(Data items)
*** Block opens ***

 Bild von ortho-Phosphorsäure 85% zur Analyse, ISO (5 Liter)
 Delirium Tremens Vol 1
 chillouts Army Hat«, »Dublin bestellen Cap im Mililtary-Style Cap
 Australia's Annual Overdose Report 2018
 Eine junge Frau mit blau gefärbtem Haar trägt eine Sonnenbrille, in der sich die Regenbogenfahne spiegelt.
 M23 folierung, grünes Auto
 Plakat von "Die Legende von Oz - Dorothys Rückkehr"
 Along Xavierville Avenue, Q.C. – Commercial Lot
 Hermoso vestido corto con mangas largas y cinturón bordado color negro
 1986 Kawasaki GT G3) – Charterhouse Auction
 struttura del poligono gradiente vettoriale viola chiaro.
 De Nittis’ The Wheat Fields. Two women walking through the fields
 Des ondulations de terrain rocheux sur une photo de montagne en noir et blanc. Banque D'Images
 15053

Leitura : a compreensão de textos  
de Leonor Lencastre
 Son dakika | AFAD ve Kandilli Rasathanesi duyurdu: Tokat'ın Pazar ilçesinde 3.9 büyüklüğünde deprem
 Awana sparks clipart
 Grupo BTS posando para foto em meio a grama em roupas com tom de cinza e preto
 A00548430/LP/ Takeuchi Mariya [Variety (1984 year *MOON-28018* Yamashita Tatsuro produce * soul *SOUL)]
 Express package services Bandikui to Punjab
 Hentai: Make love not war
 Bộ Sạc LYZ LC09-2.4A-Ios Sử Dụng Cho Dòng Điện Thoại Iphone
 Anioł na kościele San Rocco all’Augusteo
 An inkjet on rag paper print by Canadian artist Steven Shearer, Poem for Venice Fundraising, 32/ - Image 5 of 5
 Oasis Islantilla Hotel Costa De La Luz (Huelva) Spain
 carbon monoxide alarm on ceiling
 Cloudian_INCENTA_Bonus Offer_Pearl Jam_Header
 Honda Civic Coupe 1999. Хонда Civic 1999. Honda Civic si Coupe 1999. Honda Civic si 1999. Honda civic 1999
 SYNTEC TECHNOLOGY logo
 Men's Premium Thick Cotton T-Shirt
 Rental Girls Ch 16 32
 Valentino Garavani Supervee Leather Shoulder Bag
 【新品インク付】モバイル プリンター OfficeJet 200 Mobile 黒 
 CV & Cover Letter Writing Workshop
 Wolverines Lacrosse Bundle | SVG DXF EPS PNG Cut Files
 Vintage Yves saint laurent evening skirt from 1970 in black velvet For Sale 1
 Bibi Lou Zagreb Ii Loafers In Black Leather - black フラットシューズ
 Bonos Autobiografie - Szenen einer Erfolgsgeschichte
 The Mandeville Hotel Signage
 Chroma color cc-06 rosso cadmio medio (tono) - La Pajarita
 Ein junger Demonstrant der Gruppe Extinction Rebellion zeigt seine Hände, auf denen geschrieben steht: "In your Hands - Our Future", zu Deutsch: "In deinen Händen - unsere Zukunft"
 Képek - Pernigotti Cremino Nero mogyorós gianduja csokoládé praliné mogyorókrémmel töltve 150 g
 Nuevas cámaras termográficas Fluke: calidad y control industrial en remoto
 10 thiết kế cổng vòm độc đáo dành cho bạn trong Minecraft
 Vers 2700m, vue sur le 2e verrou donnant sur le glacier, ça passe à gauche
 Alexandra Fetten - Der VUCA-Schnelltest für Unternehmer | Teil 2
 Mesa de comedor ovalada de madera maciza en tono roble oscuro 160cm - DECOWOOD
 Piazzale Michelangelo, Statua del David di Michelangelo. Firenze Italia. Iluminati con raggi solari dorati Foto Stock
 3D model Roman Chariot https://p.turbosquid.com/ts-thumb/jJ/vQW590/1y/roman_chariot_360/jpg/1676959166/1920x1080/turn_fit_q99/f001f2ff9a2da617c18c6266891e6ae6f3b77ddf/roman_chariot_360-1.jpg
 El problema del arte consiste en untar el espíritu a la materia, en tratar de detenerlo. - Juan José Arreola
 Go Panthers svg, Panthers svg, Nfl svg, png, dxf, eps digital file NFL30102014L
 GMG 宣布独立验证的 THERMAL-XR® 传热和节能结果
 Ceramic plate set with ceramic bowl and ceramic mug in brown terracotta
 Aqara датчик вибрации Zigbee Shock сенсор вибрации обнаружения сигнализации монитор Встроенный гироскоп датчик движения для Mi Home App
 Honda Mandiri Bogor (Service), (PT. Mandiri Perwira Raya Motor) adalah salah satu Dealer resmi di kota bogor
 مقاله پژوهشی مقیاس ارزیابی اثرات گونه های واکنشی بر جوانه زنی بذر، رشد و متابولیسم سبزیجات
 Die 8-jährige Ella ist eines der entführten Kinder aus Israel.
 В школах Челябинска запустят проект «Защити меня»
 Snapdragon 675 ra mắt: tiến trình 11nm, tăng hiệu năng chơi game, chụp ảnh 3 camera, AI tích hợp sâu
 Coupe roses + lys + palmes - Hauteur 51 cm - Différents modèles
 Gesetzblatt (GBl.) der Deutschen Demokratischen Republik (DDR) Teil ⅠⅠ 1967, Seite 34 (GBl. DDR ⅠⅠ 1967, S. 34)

*** Block closes ***

**Exercise description**
Within the entries above, work out how many lines contain the word "Honda". The number alone is the answer.

**Solution for this task**
2